I love how we have come full circle. Anybody remembers the "semantic web" (RDF-based knowledge graph)? It didn't take off because building and maintaining such a graph requires extensive knowledge engineering work and tools. Fast forward a couple of decades and we have LLMs, which is basically auto-complete on steroids based on general knowledge, with the downside that it doesn't "remember" any facts unless you spoon-feed it with the right context. We're now back to: "let's encode context knowledge as a graph and plug it into LLMs". Fun times :)
The problem with semantic web was deeper, people had to agree on the semantics that would be formalized as triples and getting people to agree on an ongoing basis is not an easy task.
My question is, what’s the value of explicitly storing semantics as triples when the LLM can infer the semantics on runtime?
Not much tbh.

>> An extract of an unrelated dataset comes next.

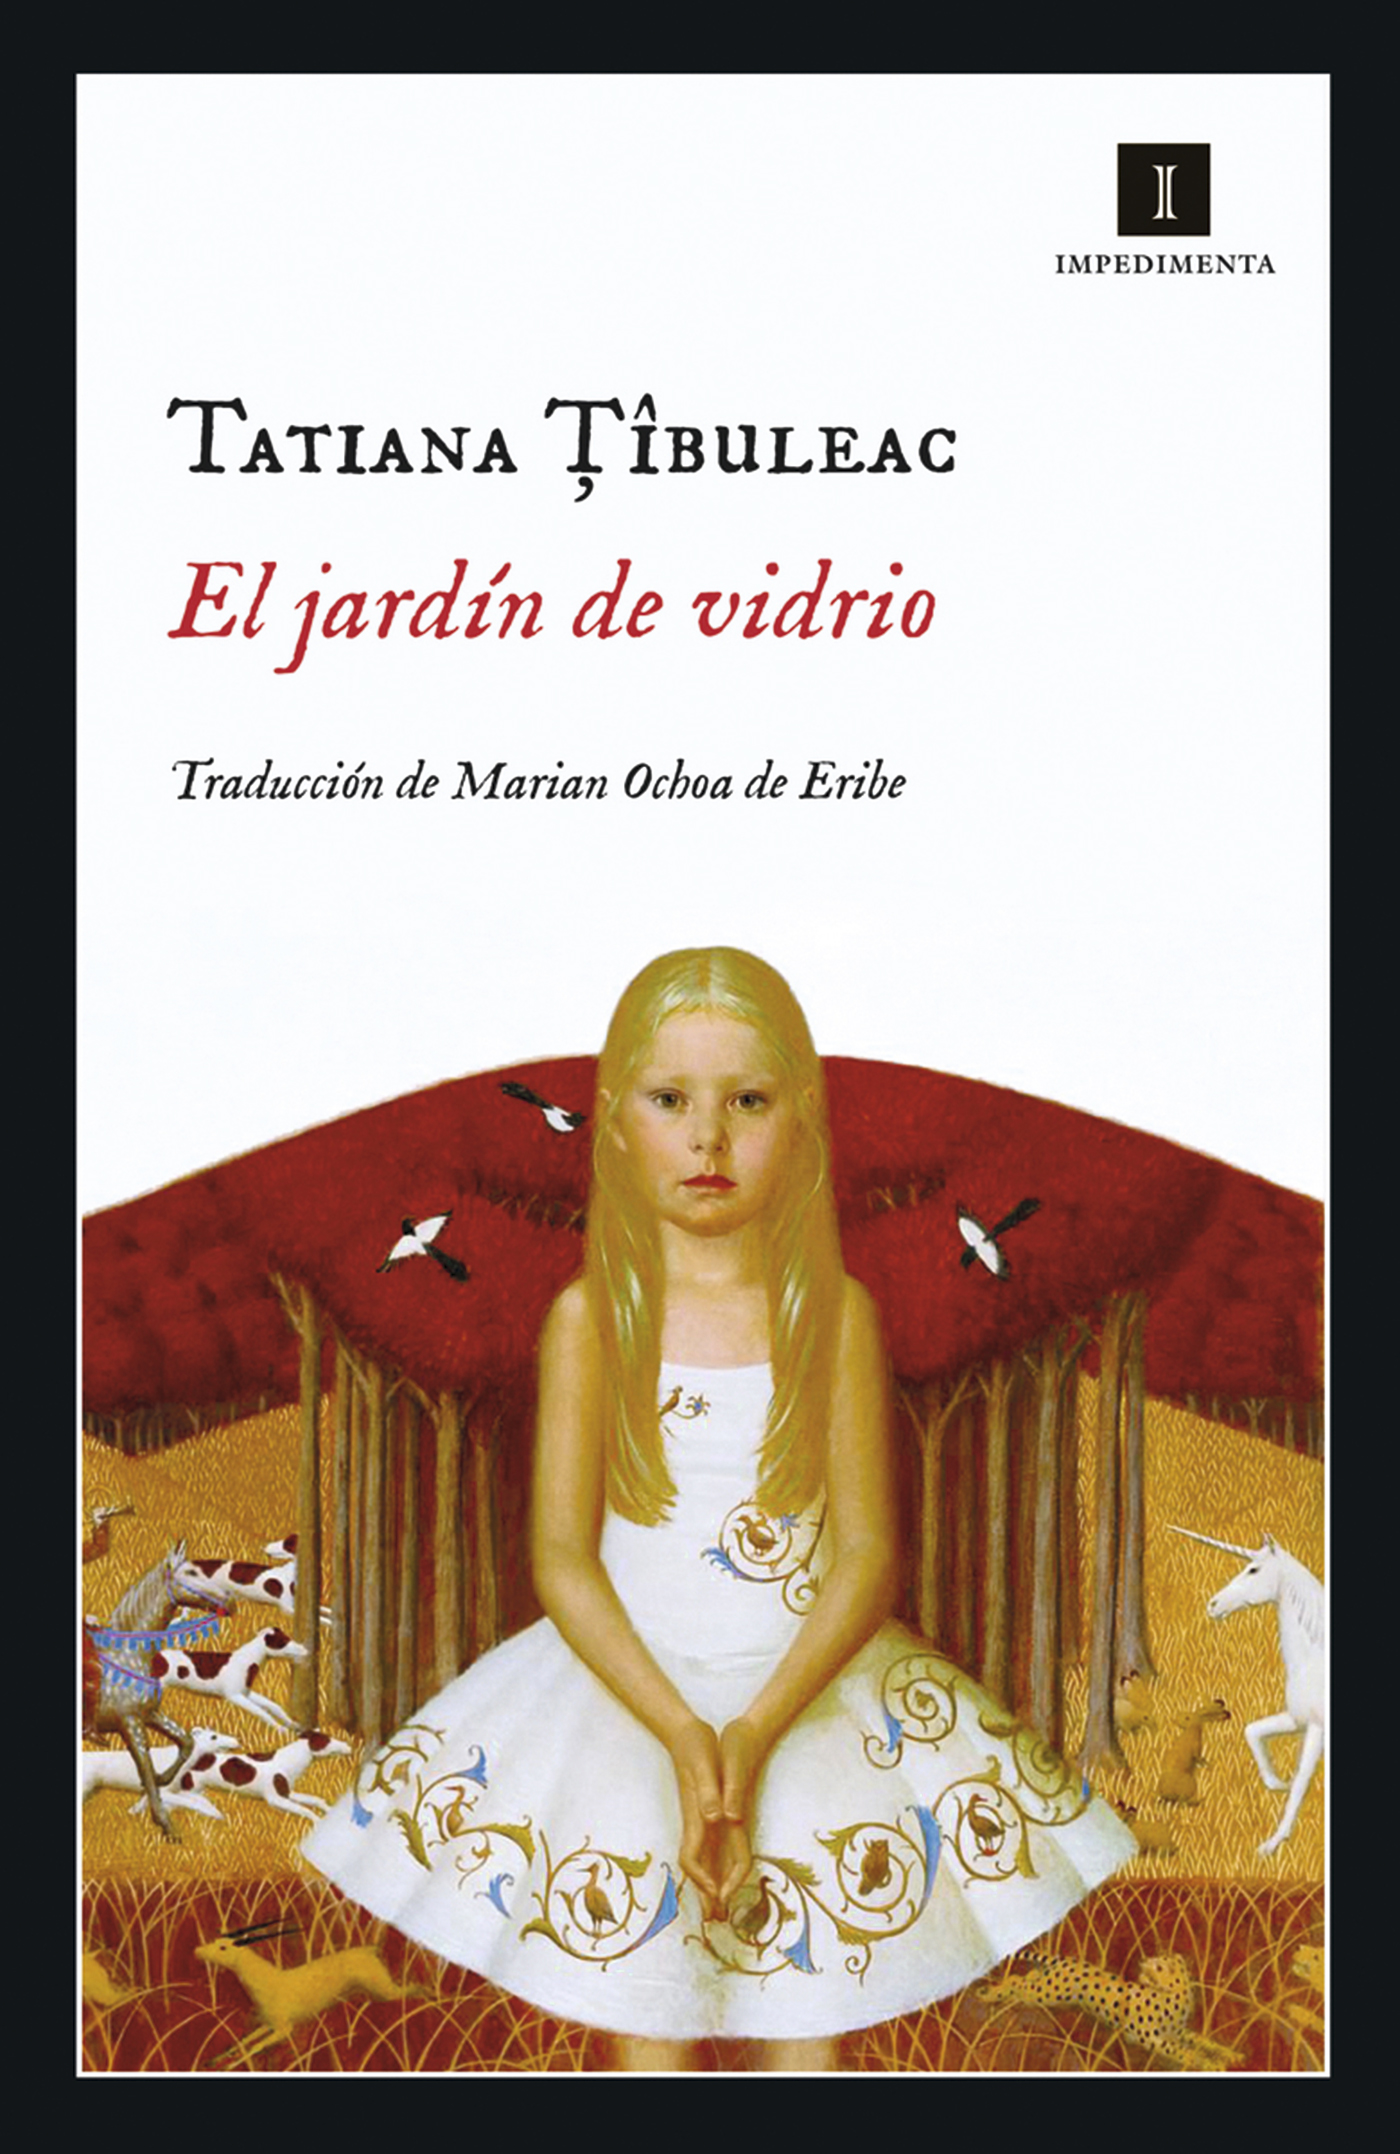 Tatiana Tibuleac

I'm using markdown files as a memory bank[1] for my projects and it works well without the need to structure them in a schema/graph. But I guess one benefit of this particular memory graph implementation is its temporal aspect: searchable facts can evolve over time; i.e. what is true now and how it got here.
[1] https://docs.cline.bot/prompting/cline-memory-bank
That’s interesting! I’ll take a deeper look. Thanks for sharing
This is something we brainstorm a lot on. While LLMs can infer semantics at runtime, we got biased to explicit triples for these reasons:
Efficient, precise retrieval through graph traversal patterns that flat text simply can't match ("find all X related to Y through relationship Z")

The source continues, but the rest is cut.